Because each of us decides inwardly how and when we will die, each of us commits suicide in a certain sense. Yet there is a difference. Those who take their own lives by shooting or hanging themselves, overdosing, and the like are usually acting out of despair and self-hate. They have not solved the life problems they came here to work on. Nearly always, they bitterly regret their actions after death, and are shocked by the violence they inflicted on themselves. I have already written a number of posts about this.

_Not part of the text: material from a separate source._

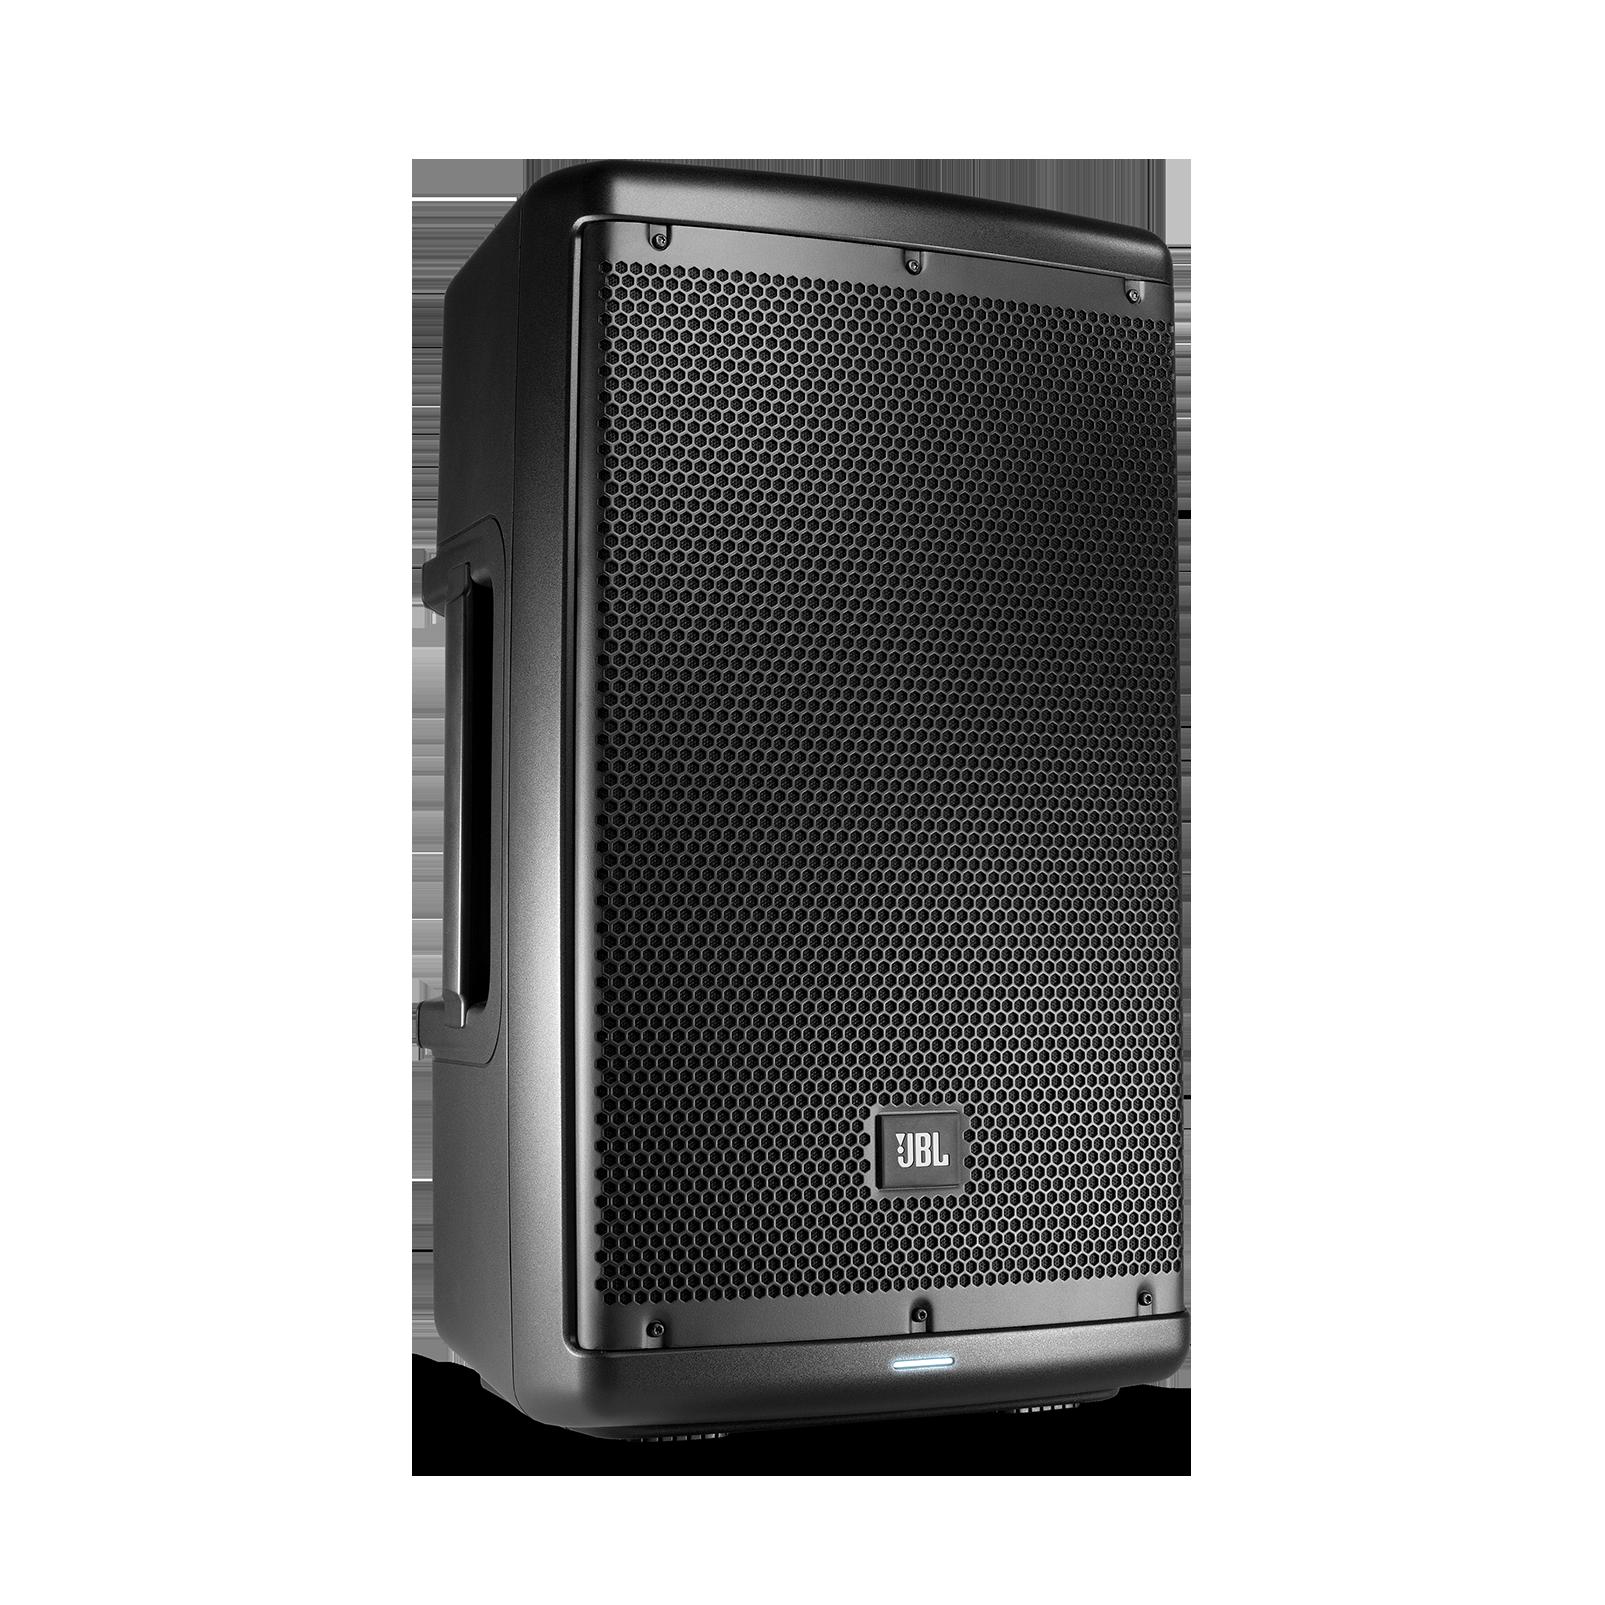 jbl eon610 10 two way multipurpose self powered sound reinforcement rh jbl com jbl eon g15 manual jbl eon 612 manual pdf

Alan’s circumstances were quite different. He had had a happy, successful life and a loving marriage. He knew he was reaching the end and did not want to enter into the helpless-dependent stage that most Alzheimer’s patients wade into. Nor did he allow his death process to be commandeered by the medical industry. What he did is in line with what other animals instinctively do when they sense the time is near–withdraw, stop eating, stop drinking, and just “do” their deaths in trust.
After his death, he has been a wonderful communicator, speaking to many people, not just his wife. He reports great clarity and involvement in service. One of his chief objectives on the other side is to shed light on the real nature of death and dying, and to broaden the choices we make at the end of our lives.
I hope you watch Phyllis’s heartfelt video presentation. She made it at her husband’s deathbed request to spread the word.
We both look forward to your comments.
httpv://youtu.be/tiYPaU3h3w8
Jean Maurie
2013-12-22 @ 5:00 PM
Thank you Phyllis and TED for this. I didn’t know I had this choice. This means a lot to me just to know.
Blessings, Jean Maurie
Nancy Bauer
2013-12-22 @ 9:25 PM
PHYLLIS and JULIA….thank you for posting this video. What love and courage both Phyllis and her husband displayed. It sounds like a most loving decision for all involved. I am on daily kidney dialysis and having knee replacement surgery. I know better now about my choices…..and it is because of your generosity. Blessings, Nancy
suicide cleaner
2013-12-23 @ 3:21 PM
Wow, a difference? To me its getting to be a more and more about legal terminology, mumbo -jumbo. Good read.
Molly Margarites
2014-01-16 @ 4:20 AM
Thank you for sharing such a personal story. Dying with dignity should be the norm rather than the exception.
Uma Girish
2014-01-22 @ 6:14 AM
What a heartwarming video! Phyllis, you’re my hero! I applaud your ultimate act of love. Thank you for sharing, Phyllis & Julia.